What Happens in an American Wedding
By Lloyd Leiderman
Living in America makes one feel free - free to do anything, free to live, free to love, free from traditions. While this is true, there are still many wedding practices that flavor this memorable event with a distinct touch of Americana. Here are some:
Starting from the engagement, Americans can think of unique ways to personalize their wedding. As there really isn't any engagement tradition, the more unique and memorable the marriage proposal is, the better.
For most weddings, the engaged couple visits their parents to inform them of their engagement. Then, at times, the engaged couple hosts an engagement party. The engagement party costs less than a wedding reception since most of the time, the menu will only include cocktails and hors d'oeuvres. Therefore, if the couple is on a tight budget, they can just invite more guests to the engagement party if they plan to limit the number of guests during the wedding.
Most wedding preparations include a bridal shower hosted by the maid of honor and the bridesmaids. The groom may also have a bachelor party the night before the wedding, but he has to be careful not to drink too much.
Wedding invitations should include response cards to quickly inform the couple whether the person has accepted or declined. Also, the wedding invitations should be sent four to six weeks before the event.
Usually, there is a rehearsal dinner in which the wedding party and guests come from near and far to be present. The groom's parents usually pay for this dinner.

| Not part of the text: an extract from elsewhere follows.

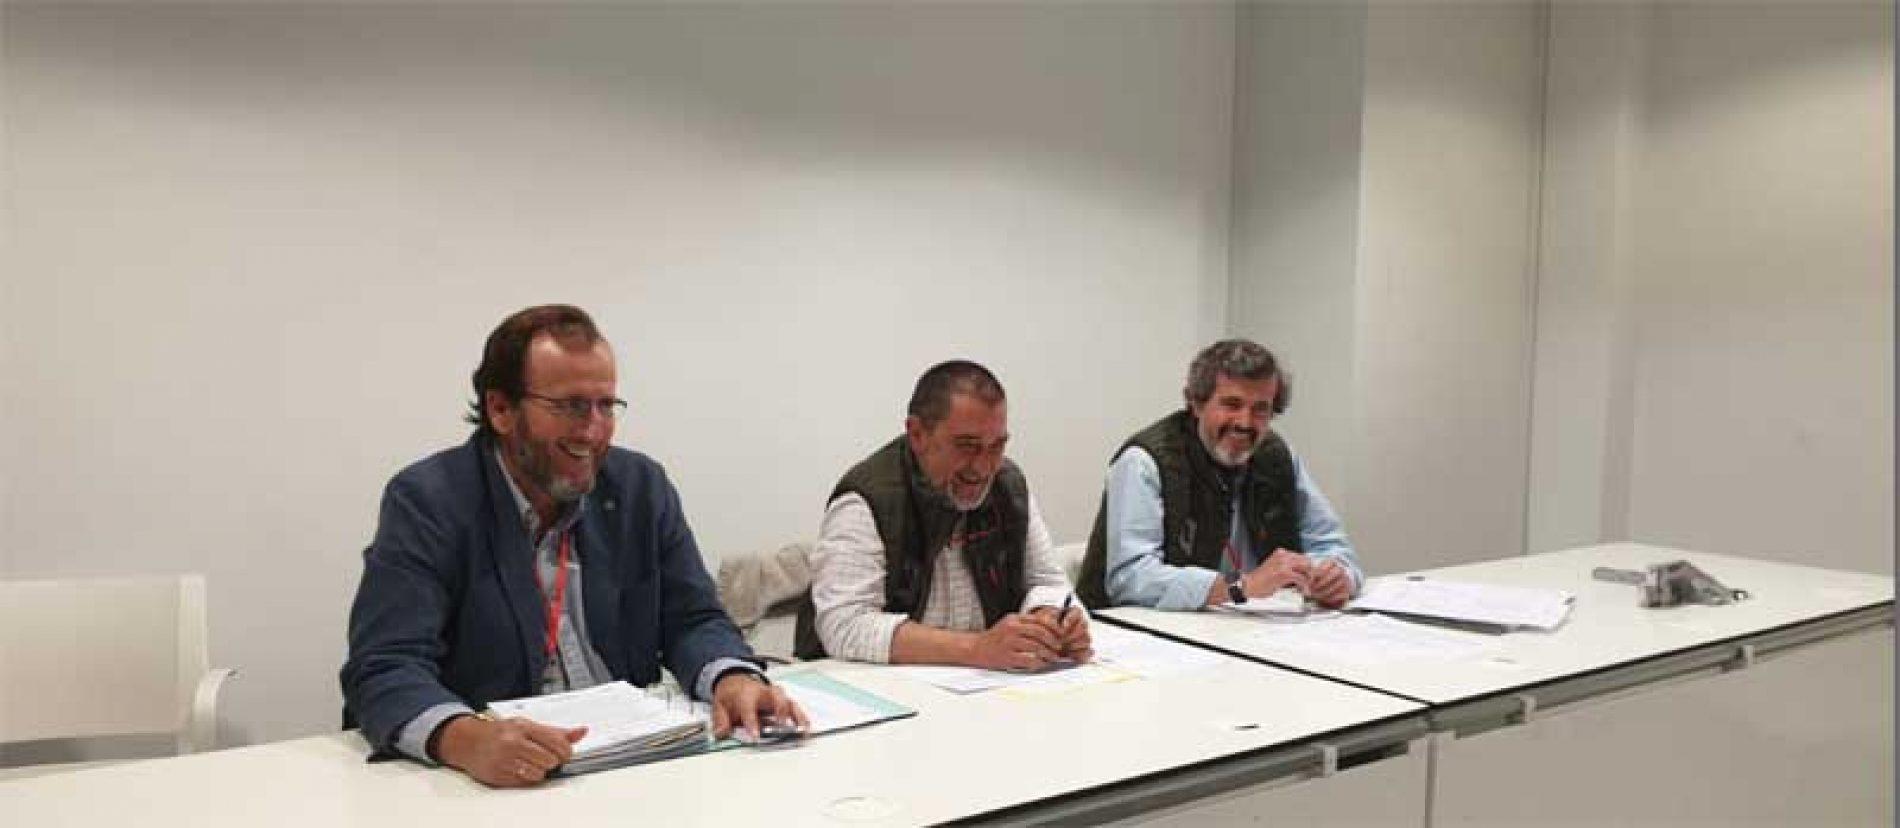 La Asociación del Corzo Español celebró su asamblea general de socios 2019 en cinegética
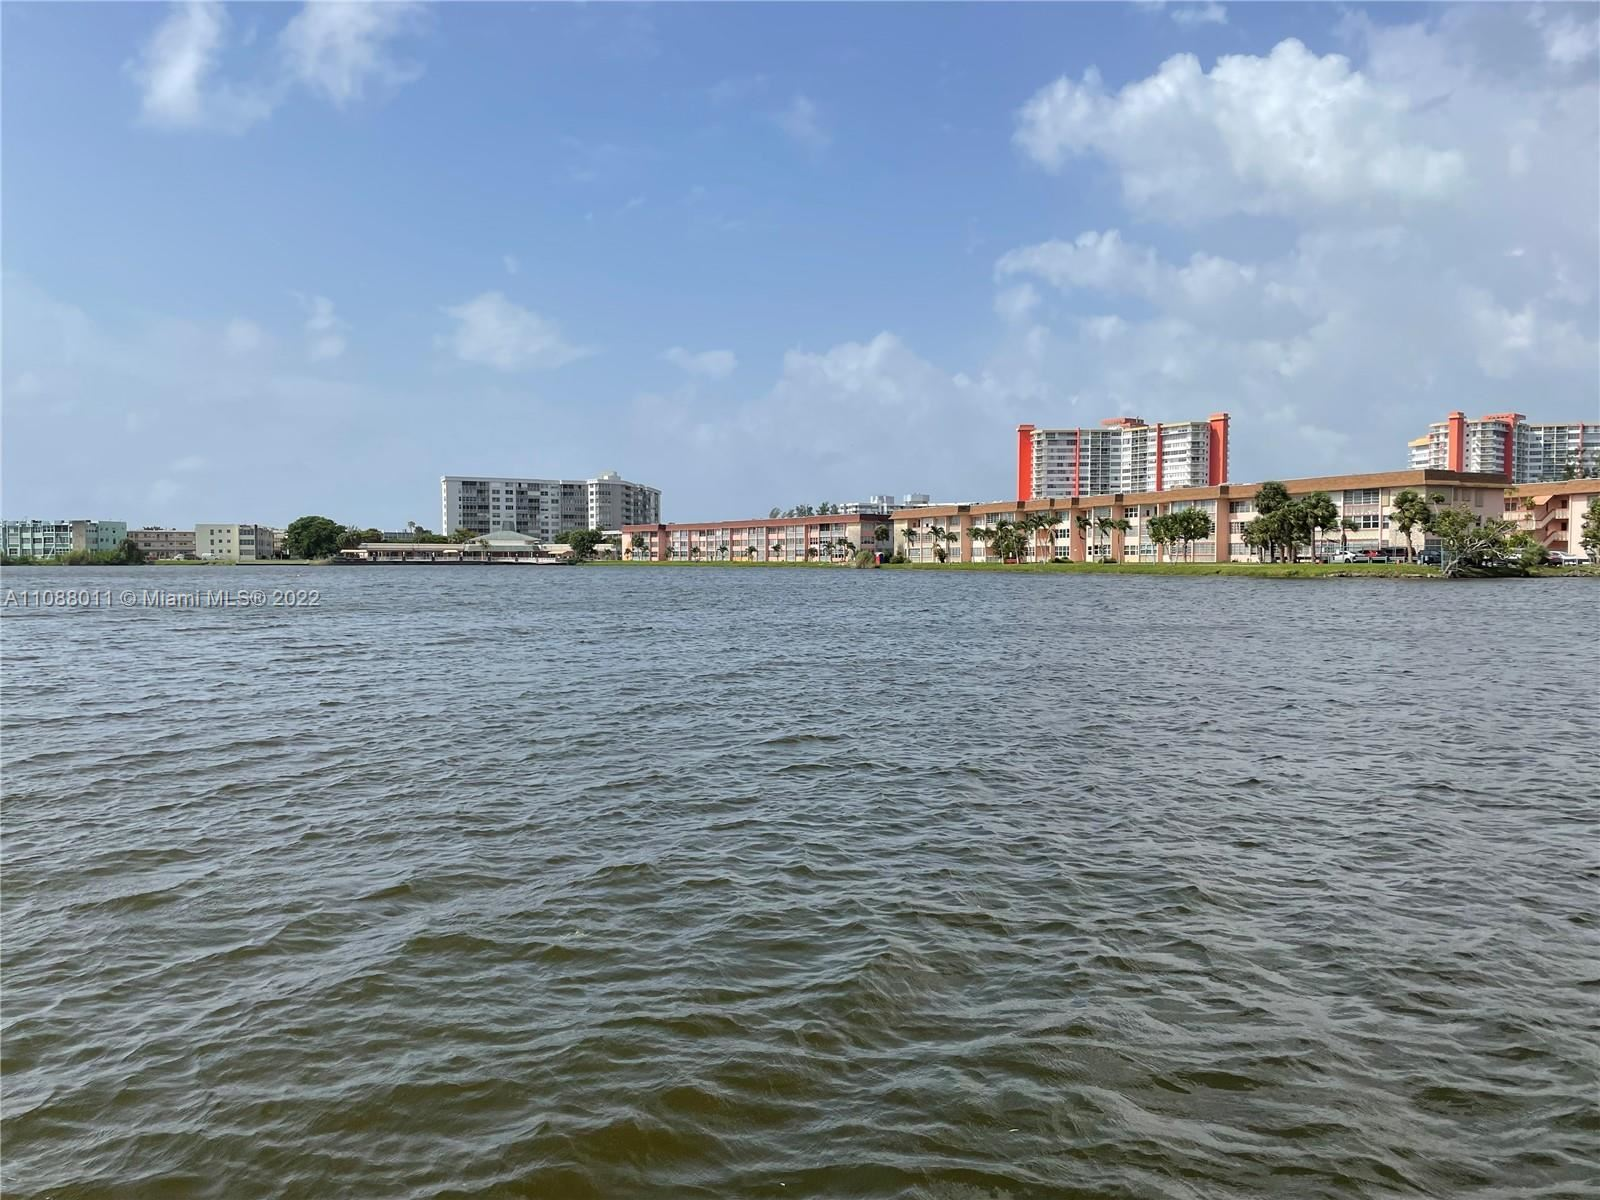 1400 NE 191st St #243, Miami, FL 33179 - #: A11088011

A bridal luncheon may be hosted for the bride's attendants during the wedding day. However, time constraints may not permit this to be part of the schedule for the wedding day. Likewise, the groom may also host a groom's dinner for his groomsmen.
Interestingly, even if the couple is not very religious, they often still prefer a religious ceremony. However, this may pose a problem since in America people of different faiths and religious backgrounds get married. Sometimes, because of this, people get married twice, once in the bride's religious tradition and once in the groom's.
Even if there are few people who believe in bad luck, some couples still ensure that the groom does not see his bride until she starts walking down the aisle.
It is still practiced that the groom and his groomsmen enter the church through a side door. The bride will then walk down the aisle with her father. In some cases when both her father and stepfather brought up the bride, she may ask them both to escort her.
During a formal reception, there is usually a bridal table where the couple and the attendants sit. Also, food and drinks should be served as the guests appear at the reception.
Before, gift giving used to depend on what the guest thinks would be useful for the couple. Now, it is better to register for gifts so the guests will know what to bring that the couple will need and this also minimizes duplication of gifts.
Upon receiving an engagement or wedding gift, it is better to send a thankyou note apart from saying "thank you" to the giver. This should be sent within two weeks upon receipt of the gift. Make a personalized thank you note, instead of using an impersonal generic thank you note.
These are just some of the many American wedding practices that make each one unique. Whether one chooses to be more traditional or prefers to have a very different wedding, the most important thing is that Americans still believe in the wedding vow, "For better or worse, 'til death do us part."